→ Information provided:
-------
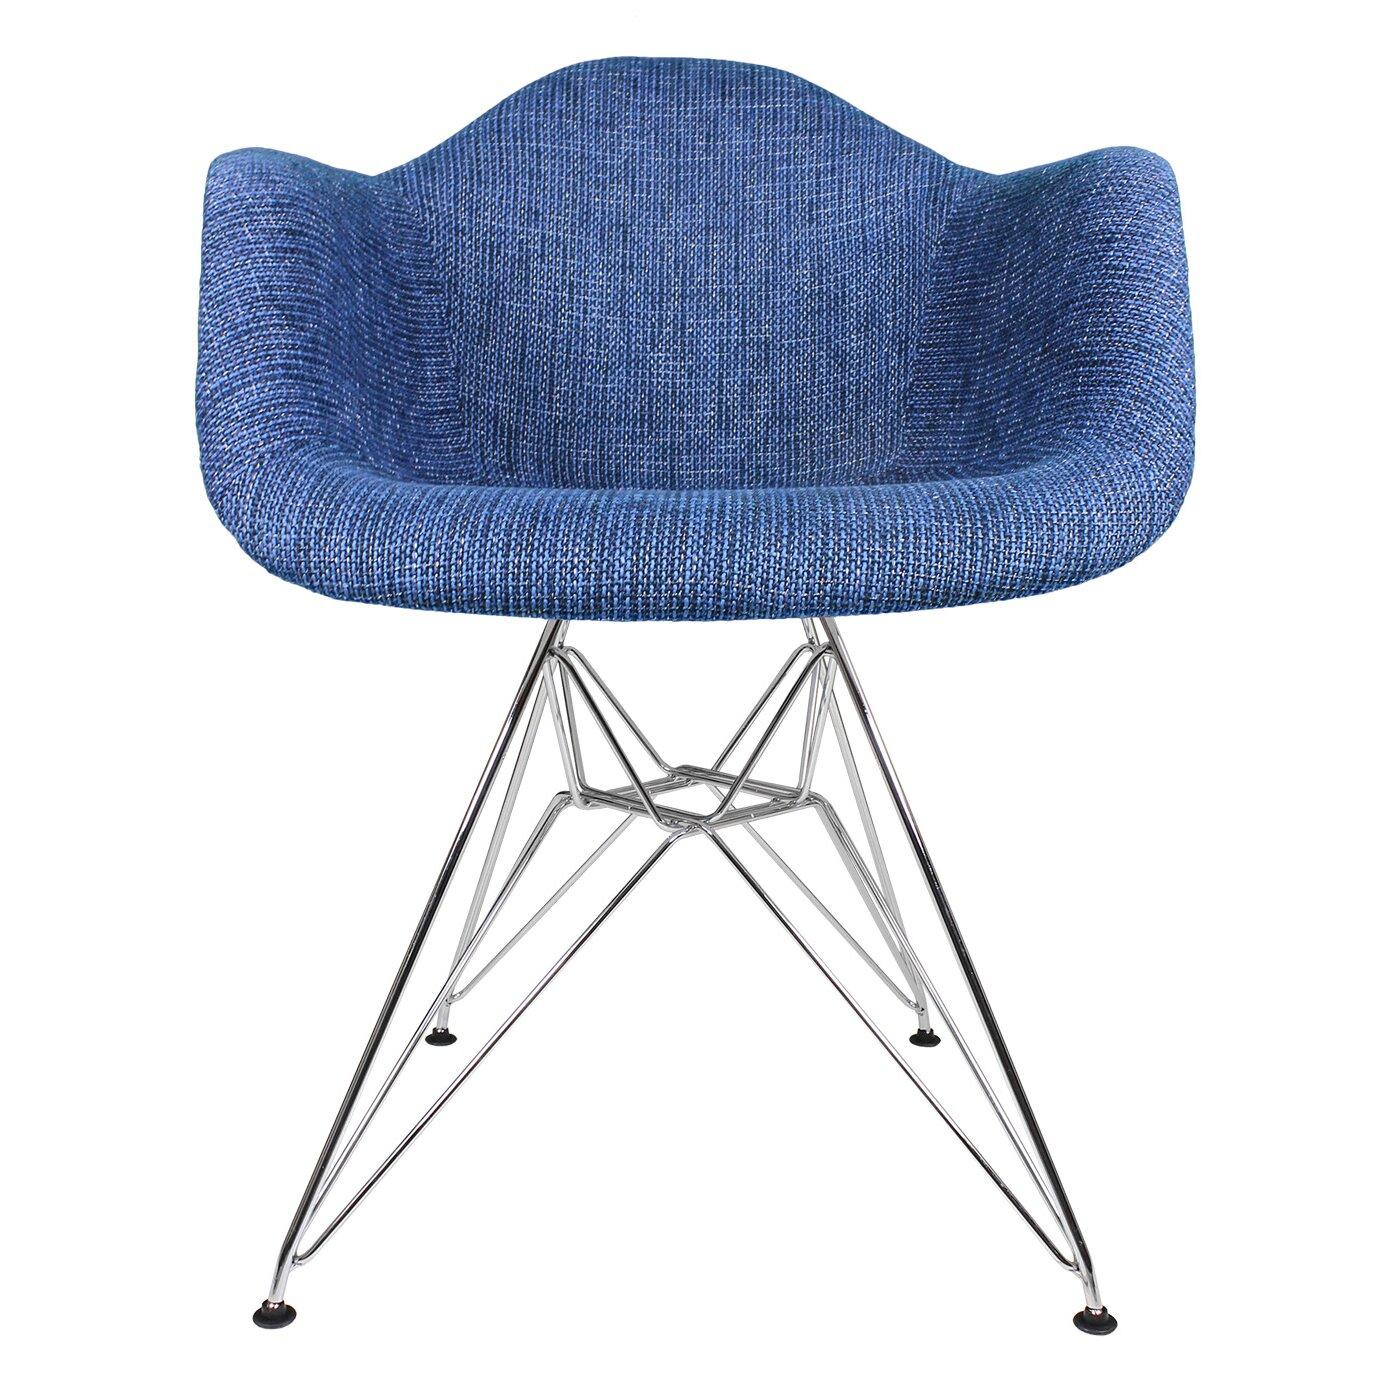 Emodern decor mid century modern arm chair reviews for Emodern decor
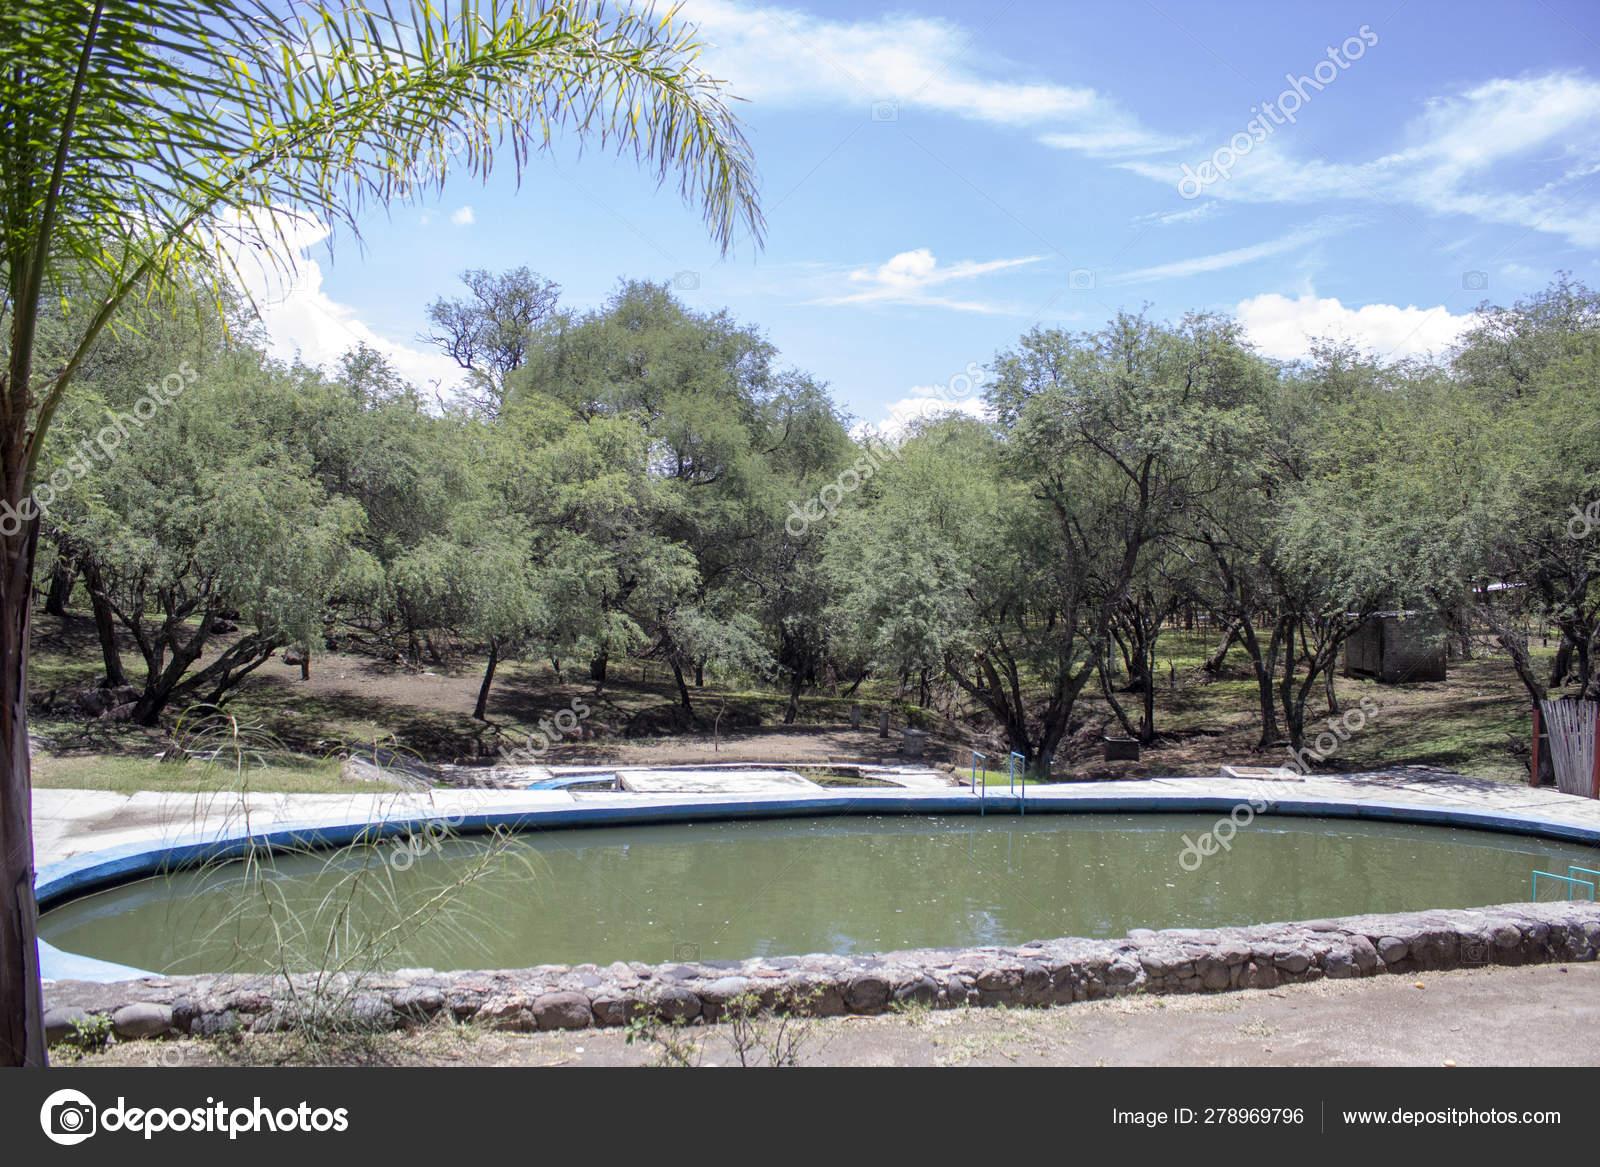 Dirty green water pool — Stock Photo © nailotl@hotmail com #278969796
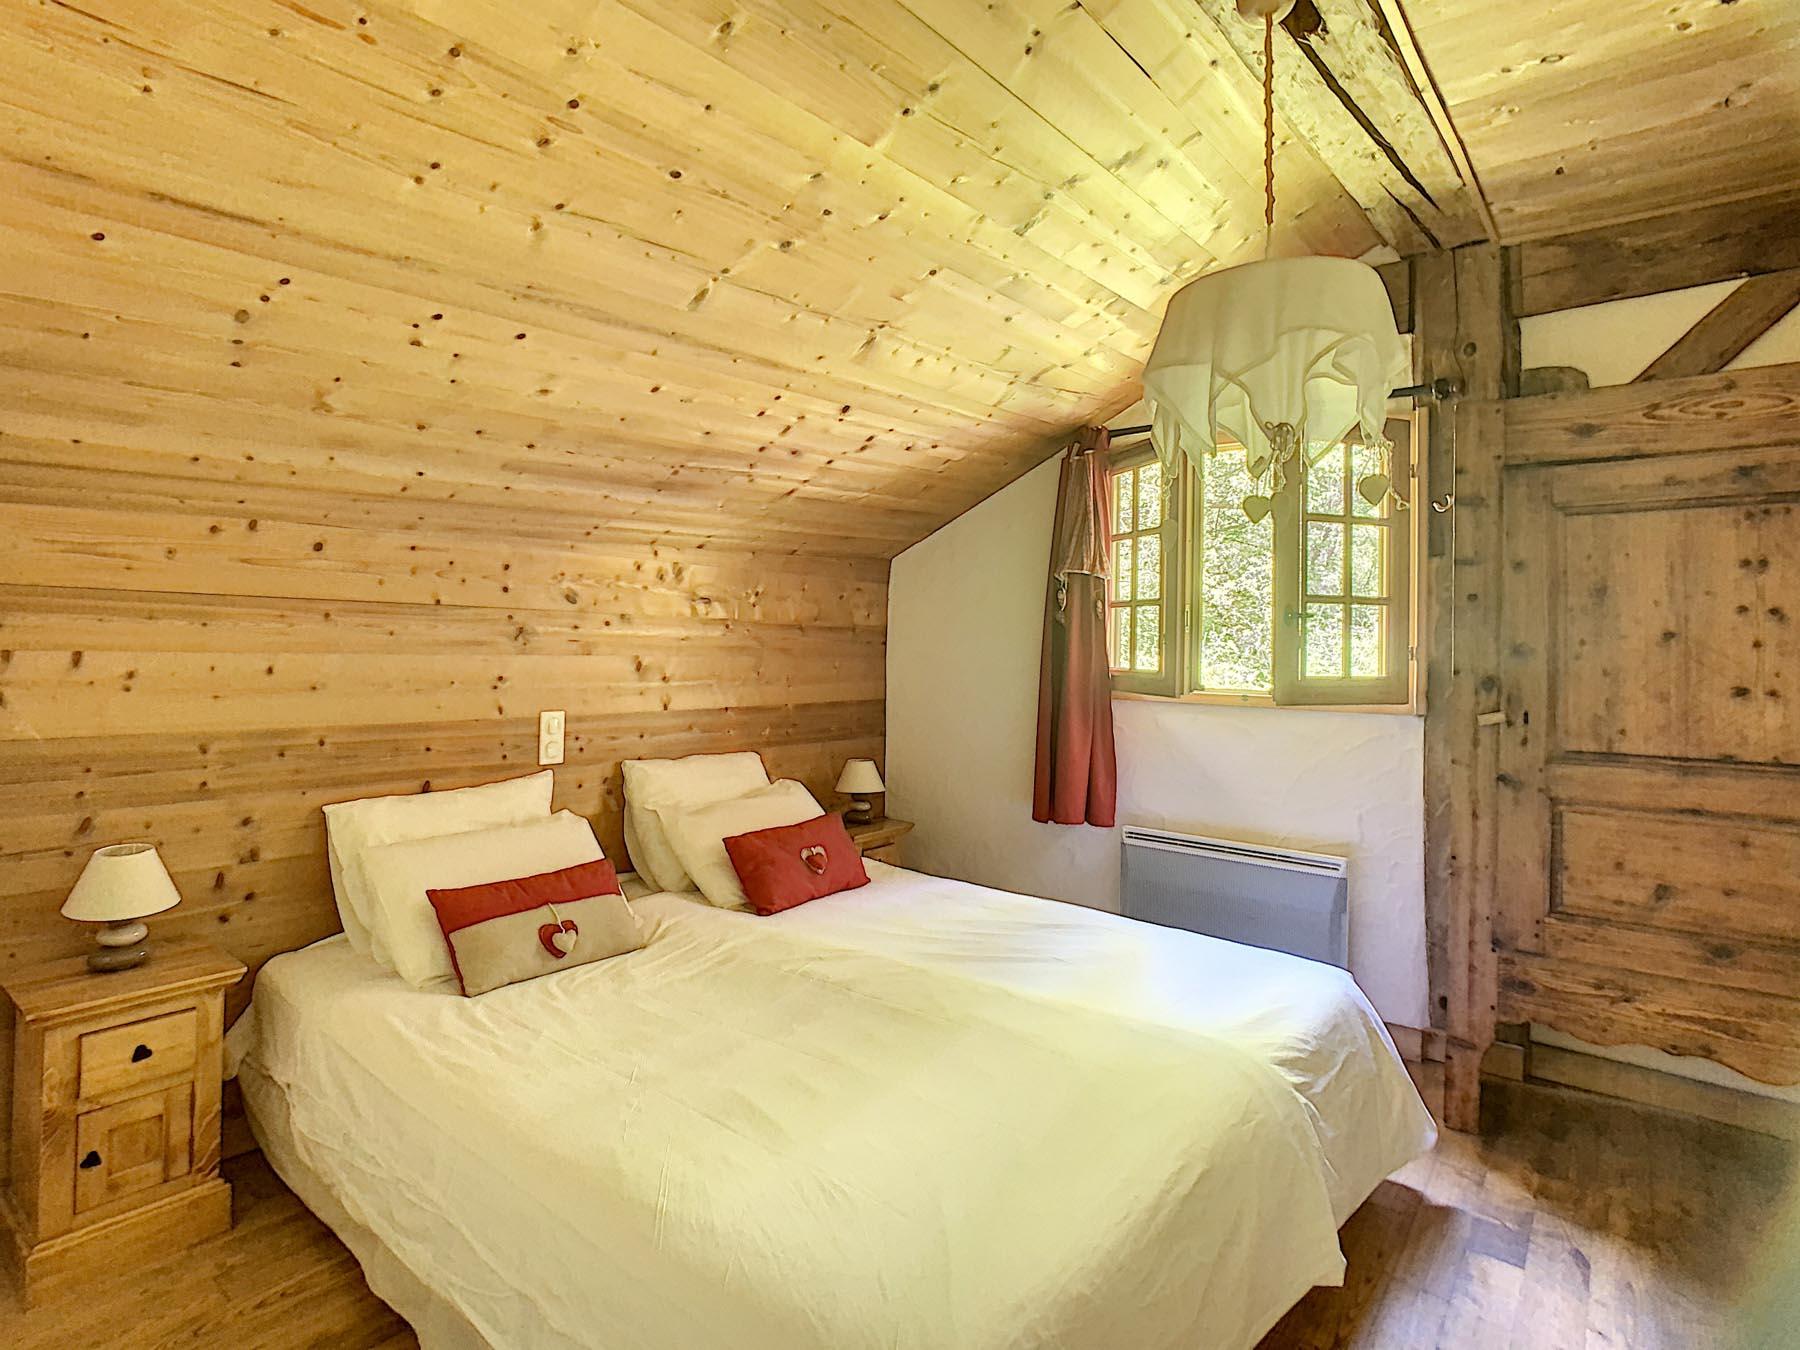 Mernaz 1160 Penthouse bedroom
-------
→ Instructions to follow: Return the data verbatim, leaving out the pictures it holds.

→ Exercise solution:
 Emodern decor mid century modern arm chair reviews for Emodern decor
 Dirty green water pool — Stock Photo © nailotl@hotmail com #278969796
 Mernaz 1160 Penthouse bedroom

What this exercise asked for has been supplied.